Mitochondrial diseases are the most common inheritable metabolic diseases, due to defects in oxidative phosphorylation. They are caused by mutations of nuclear or mitochondrial DNA in genes involved in mitochondrial function. The peculiarity of “mitochondrial DNA genetics rules” in part explains the marked phenotypic variability, the complexity of genotype-phenotype correlations and the challenge of genetic counseling. The new massive genetic sequencing technologies have changed the diagnostic approach, enhancing mitochondrial DNA-related syndromes diagnosis and often avoiding the need of a tissue biopsy.

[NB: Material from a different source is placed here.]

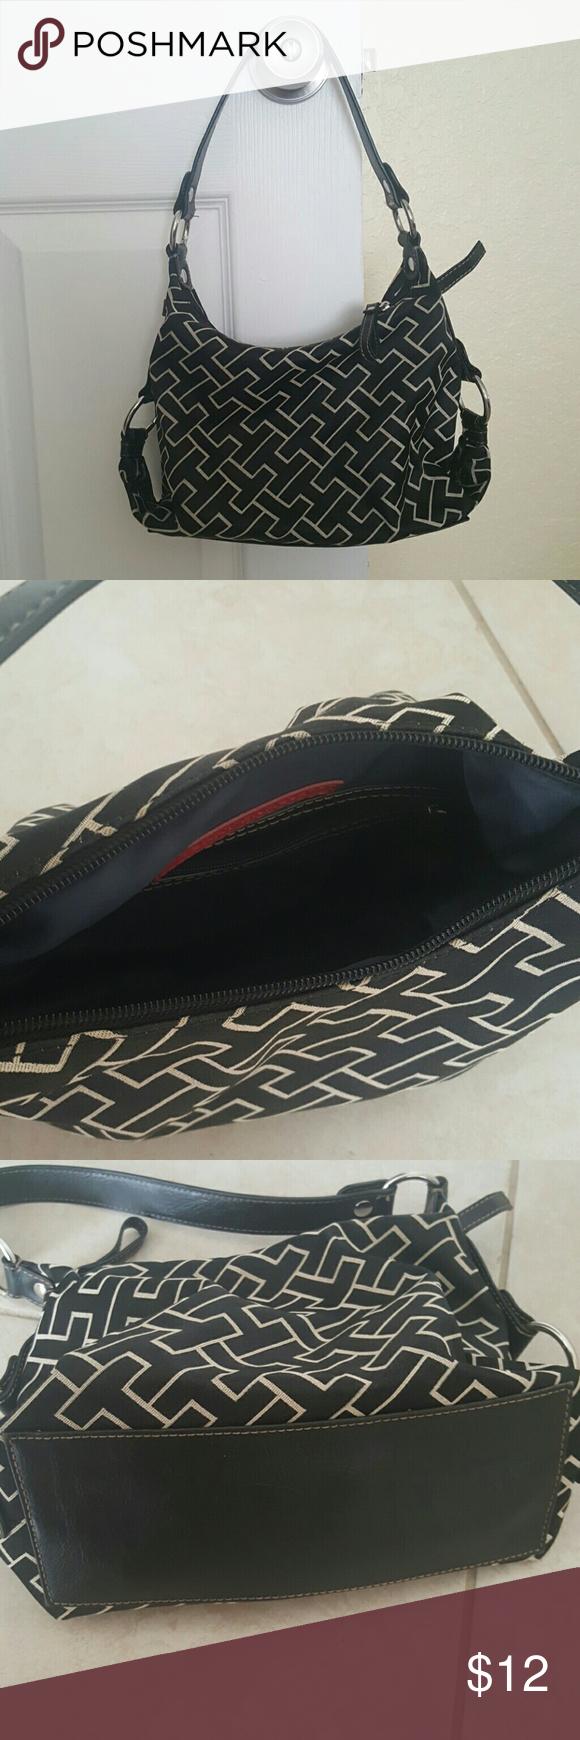 Authentic Tommy Hilfiger purse Excellent condition textile purse.  Make offers!!!! Bundle and save!!! Tommy Hilfiger Bags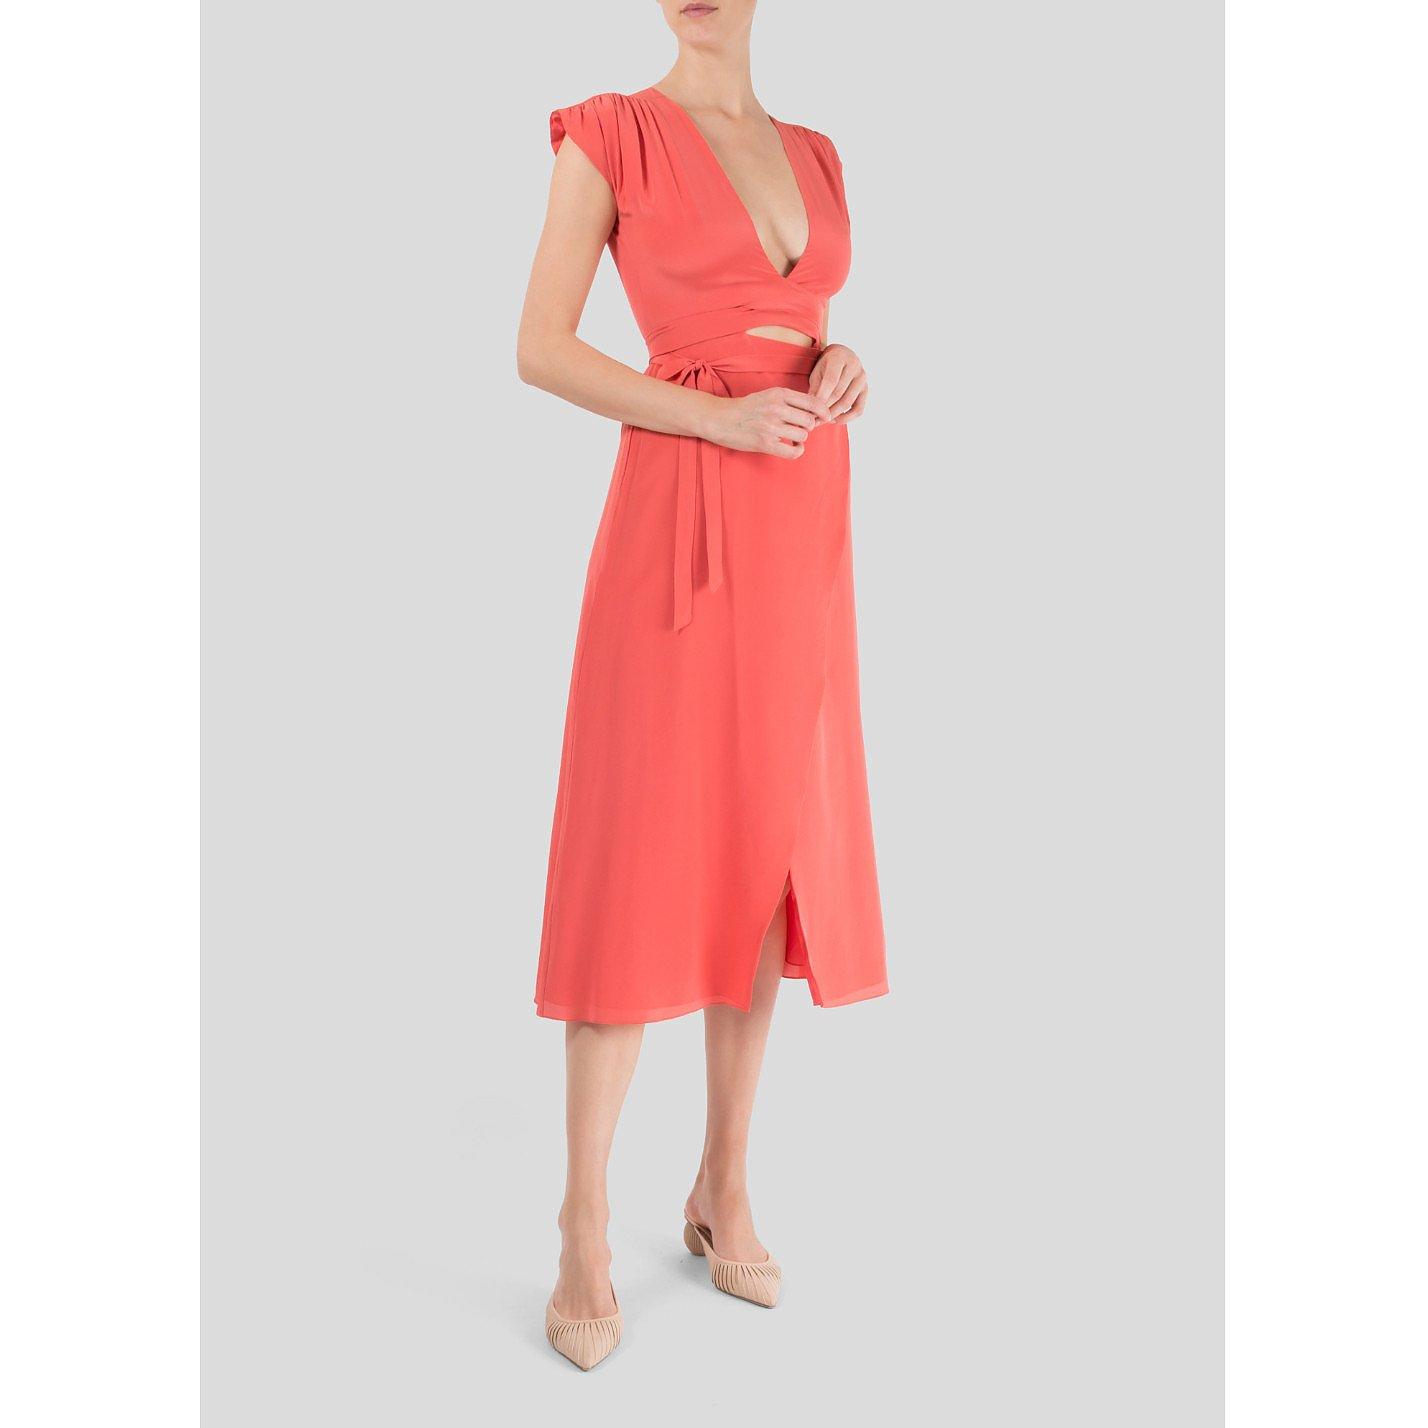 Tephi Florence Dress

Here we present the most common phenotypes associated with a mitochondrial DNA mutation with the recent advances in diagnosis and in therapeutic perspectives.

线粒体疾病是最常见的可遗传代谢疾病，归因于氧化磷酸化的缺陷。它们是由与线粒体功能有关的基因中的核或线粒体DNA突变引起的。“线粒体DNA遗传学规则”的特殊性在一定程度上解释了明显的表型变异性，基因型-表型相关性的复杂性以及遗传咨询的挑战。新的大规模基因测序技术改变了诊断方法，增强了线粒体DNA相关综合征的诊断，并通常避免了组织活检的需要。

在这里，我们介绍与线粒体DNA突变相关的最常见的表型，以及在诊断和治疗方面的最新进展。